Saturday, February 5, 2011

Goto Hell

There was a recent stackoverflow challenge question where users were asked to present code that prints the numbers 1 through 1000 without using loops or conditionals. A major theme for answers to the thread was recursion - both compile time and run time. There were a mix of other entries including consecutive function calls to iterate through 1000 increment/print operations, shelling-out to a program such as seq, and several other approaches to the problem. My first opinion was that the only correct solution (according to the spec) was the one that used constructors. I say correct because, technically, recursion is looping.
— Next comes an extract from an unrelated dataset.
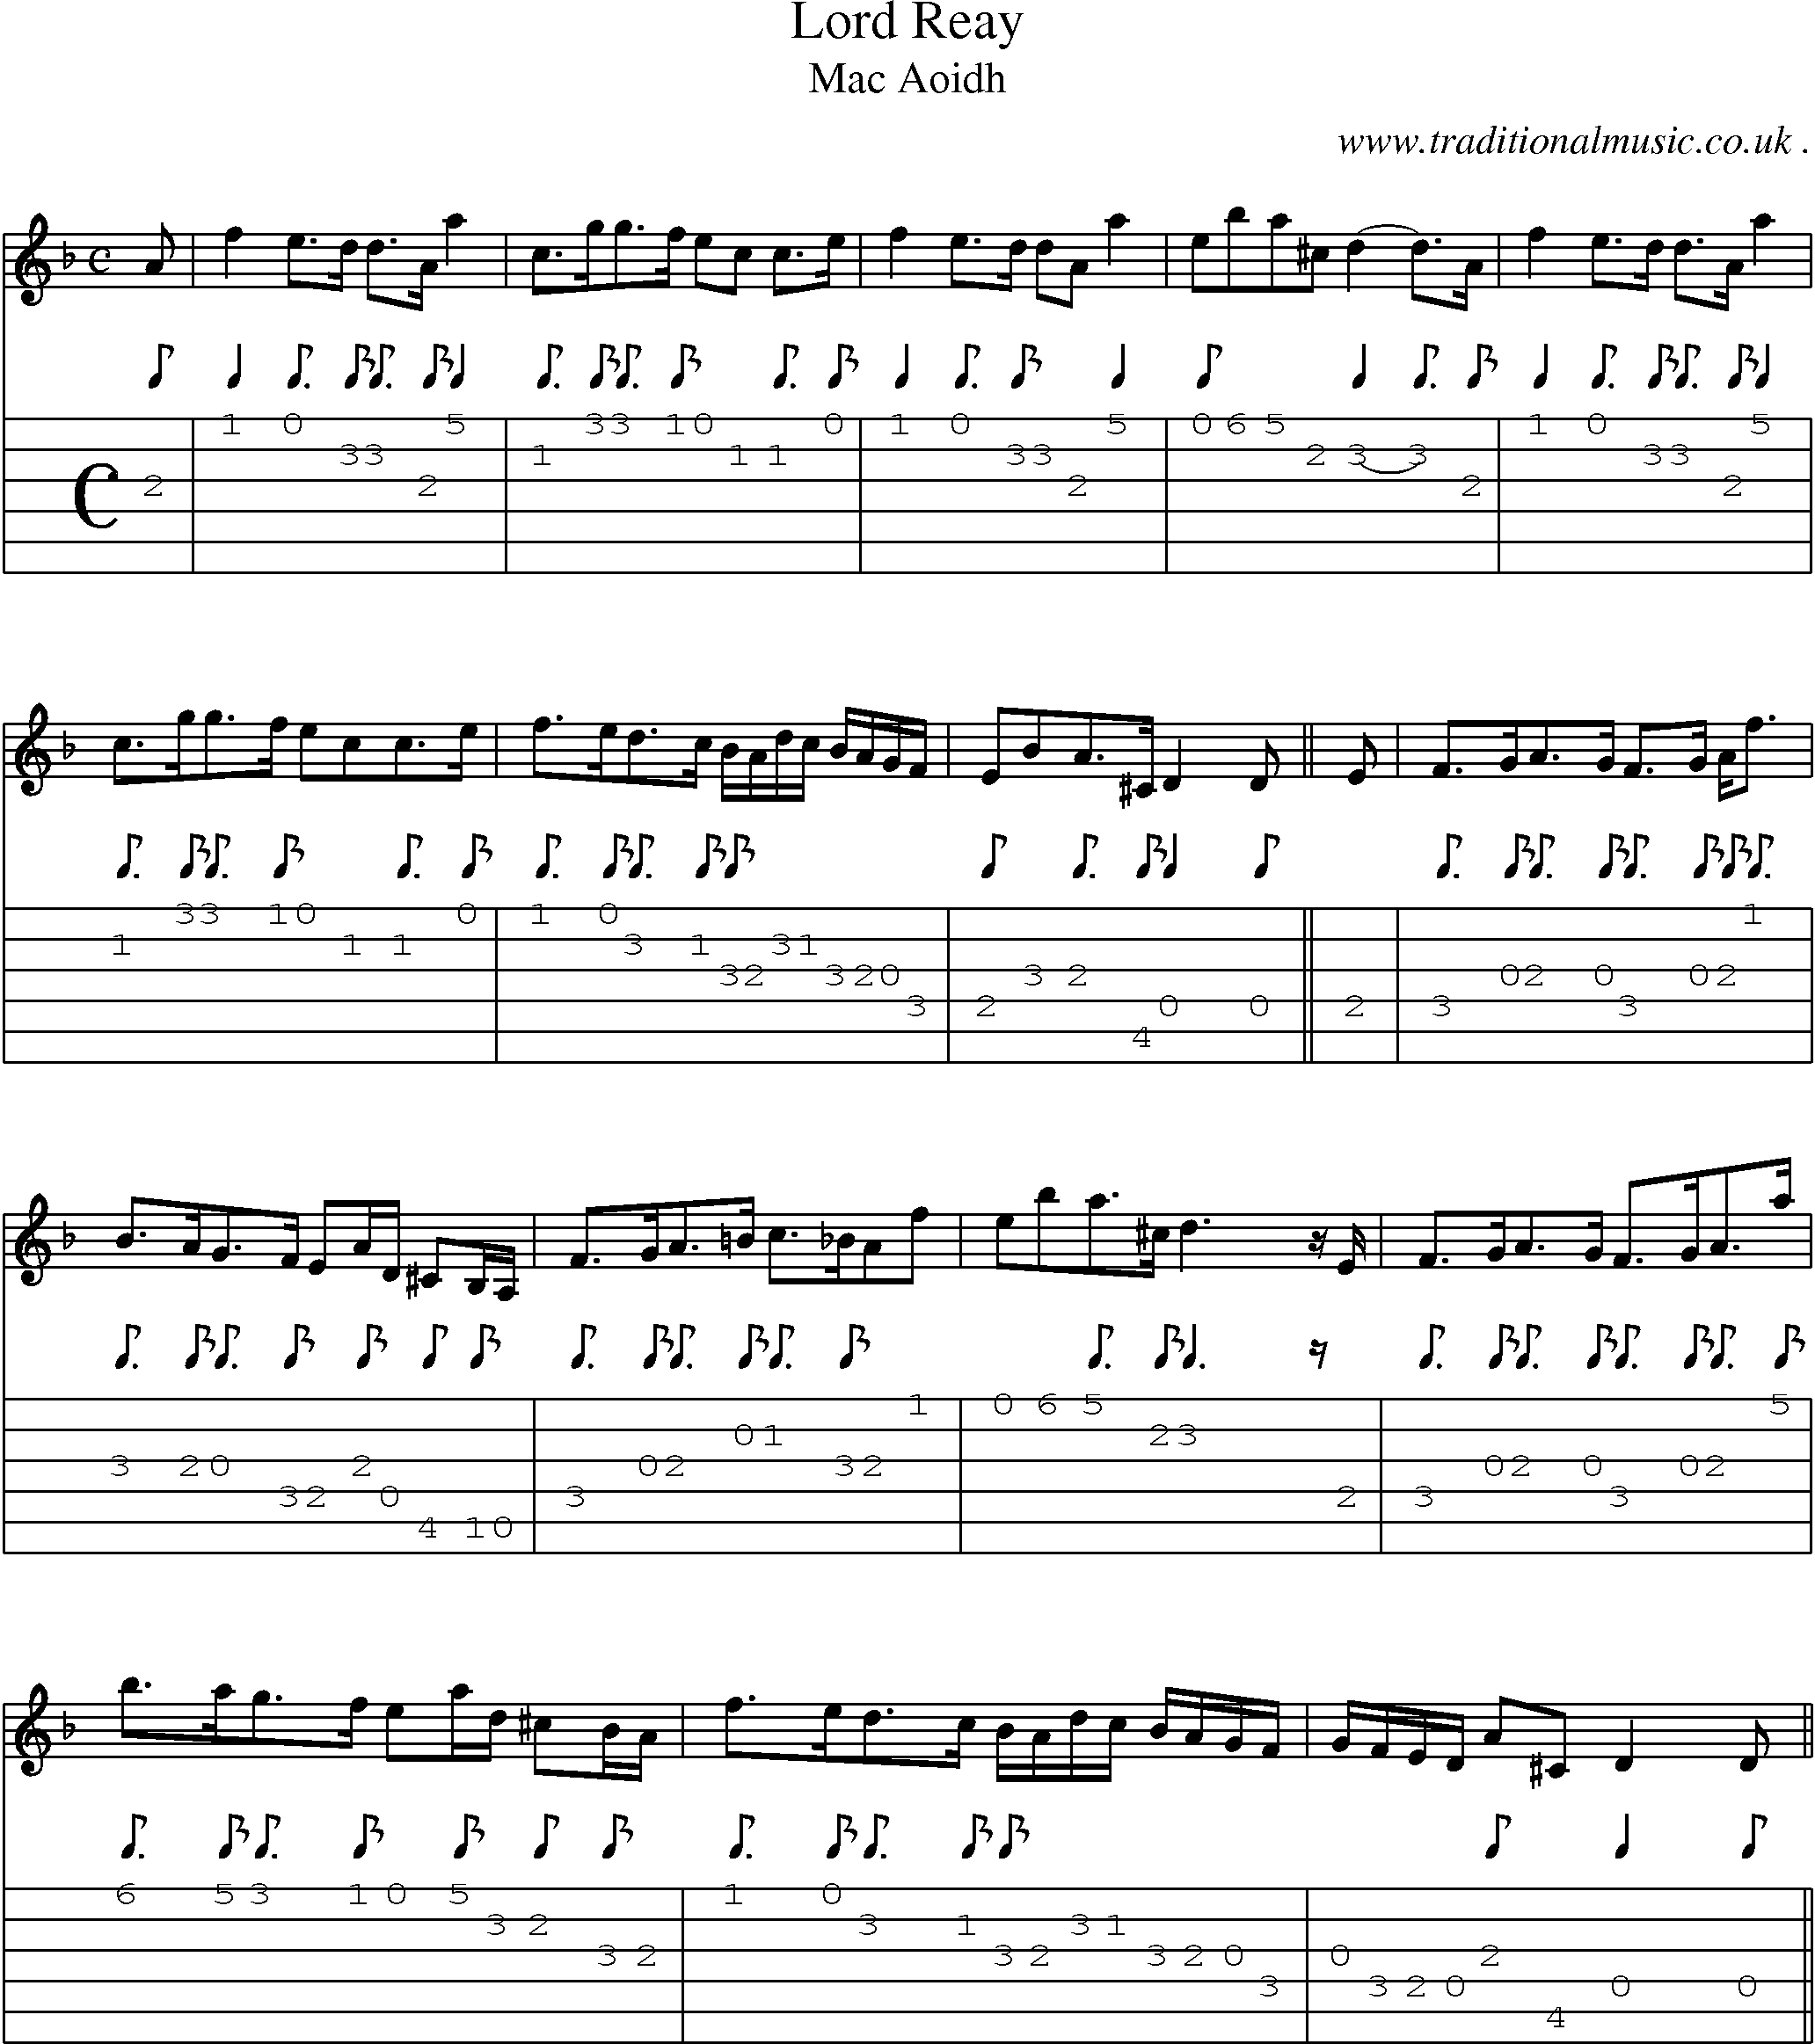 Sheet-music  score, Chords and Guitar Tabs for Lord Reay

I posted my own solution for fun which aimed to solve the problem in a way not currently presented. This is both an abuse of compiler extensions and language constructs and is nothing more than me having some fun. Really, don't write code like this. Ever.

#include <stdio.h>

int main () {
    void * label[1001] = { [0 ... 999] = &&again };
    label[1000] = &&done;
    int i = 0;
again:
    printf ("%d\n", i + 1);
    goto *label[++i];
done:
    return 0;
}

I knew that if I considered recursion a loop that my code was also a loop construct. The point of my post, however, was to have a solution that was entirely distinct from what had already been posted and not necessarily to solve the puzzle exactly. This got me thinking though; how close is state machine looping, and recursion, and compile-time recursion to an actual coded loop?
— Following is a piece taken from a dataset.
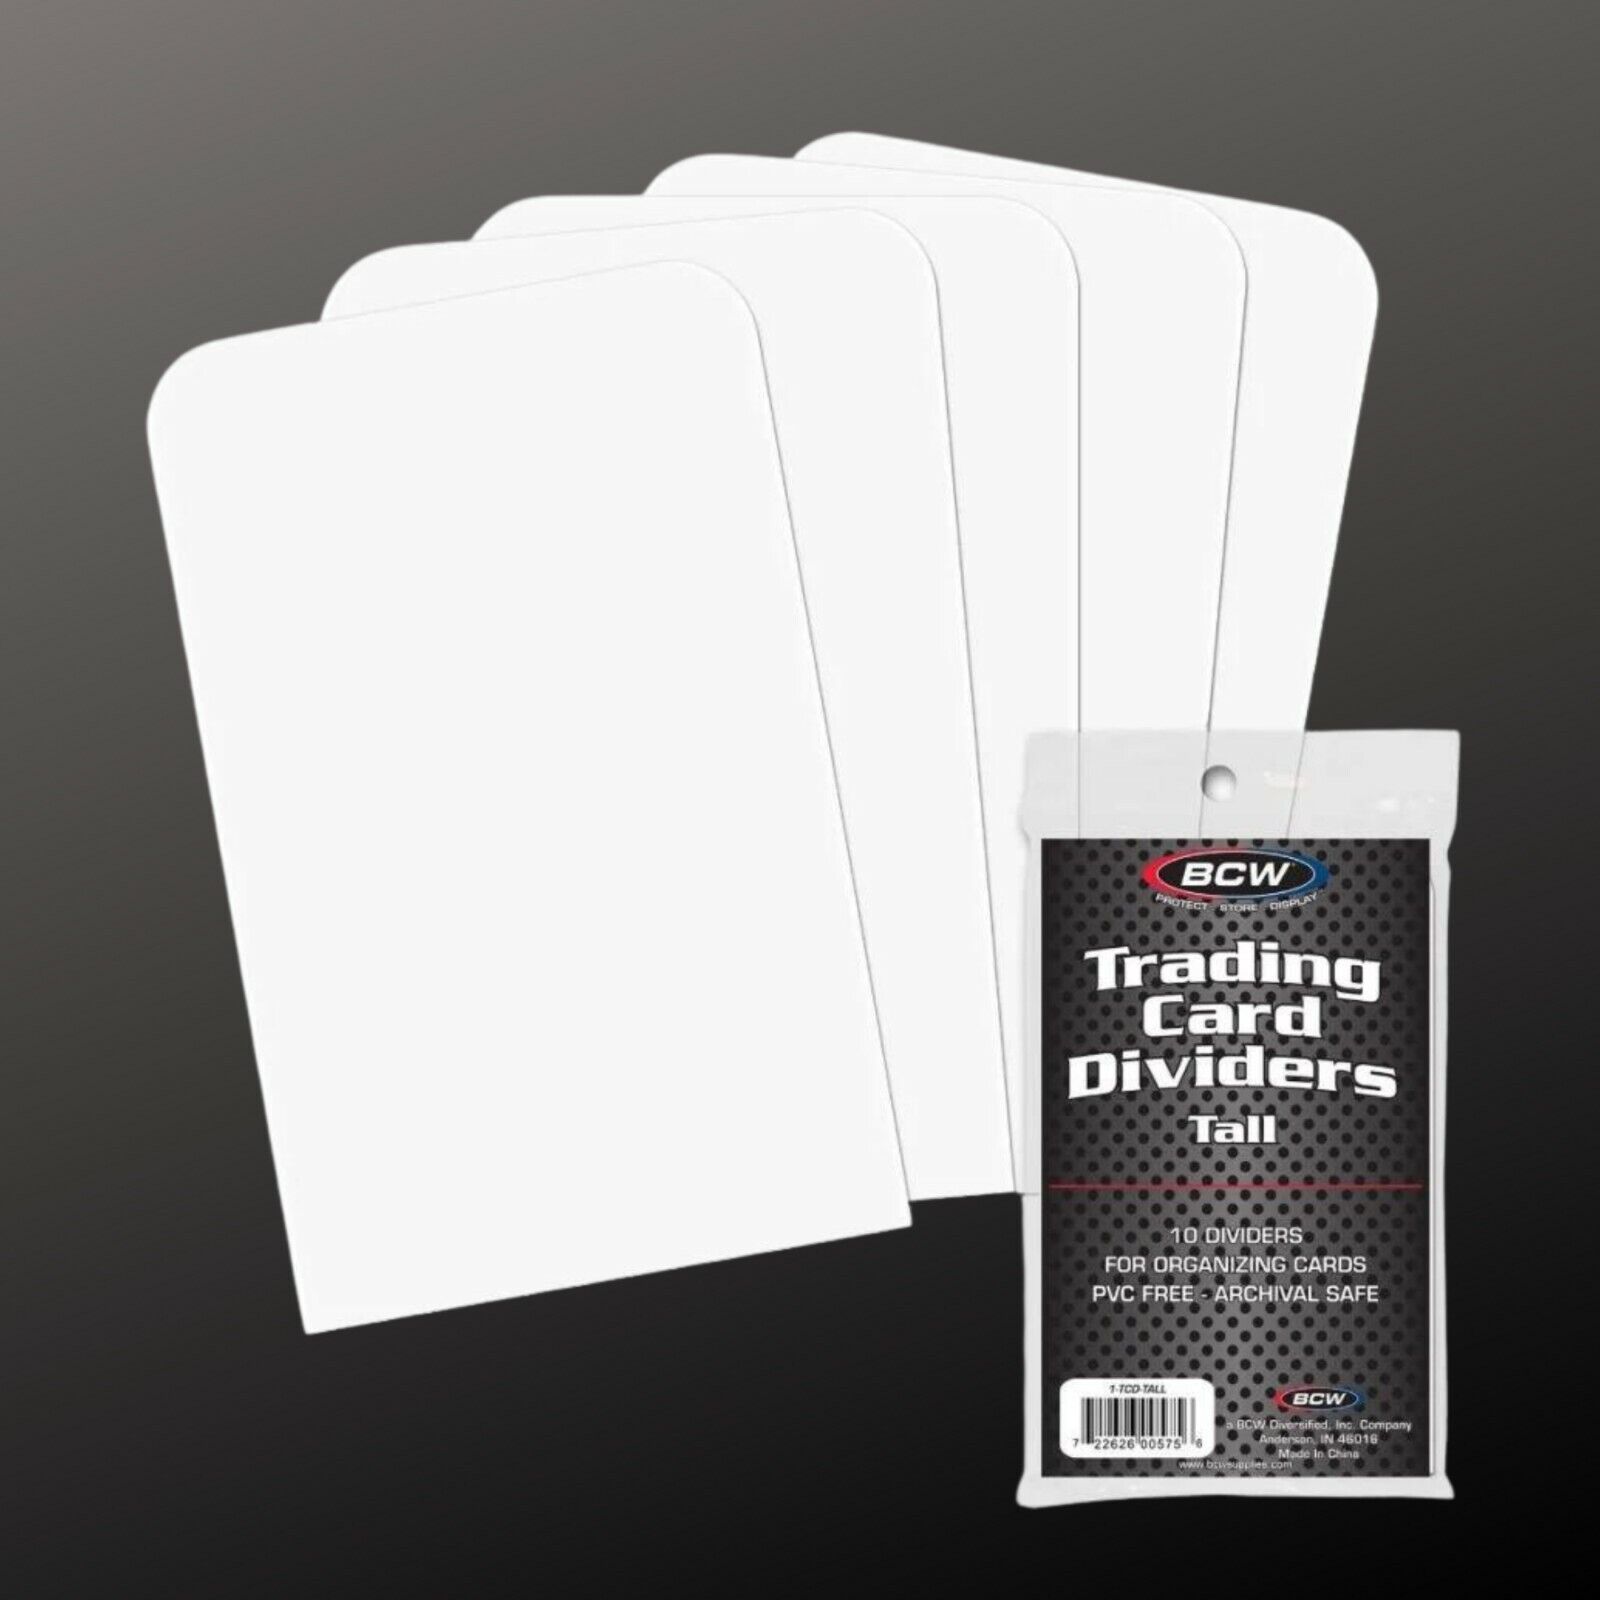 BCW TALL Trading Card Dividers (5 Packs of 10) - Brand New, Fits Above Toploader

I coded up and compiled three implementations with the intent of determining what the code looked like after the compiler was finished with it. The solutions I chose were: compile time recursion, run time recursion, and my goto looping. Each of these was compared to a basic for loop. Because of template stack depth issues I've only printed up to 10 in these examples. All files were compiled by g++ -O0 (except my solution, see below). In all assembly output the comments are my own.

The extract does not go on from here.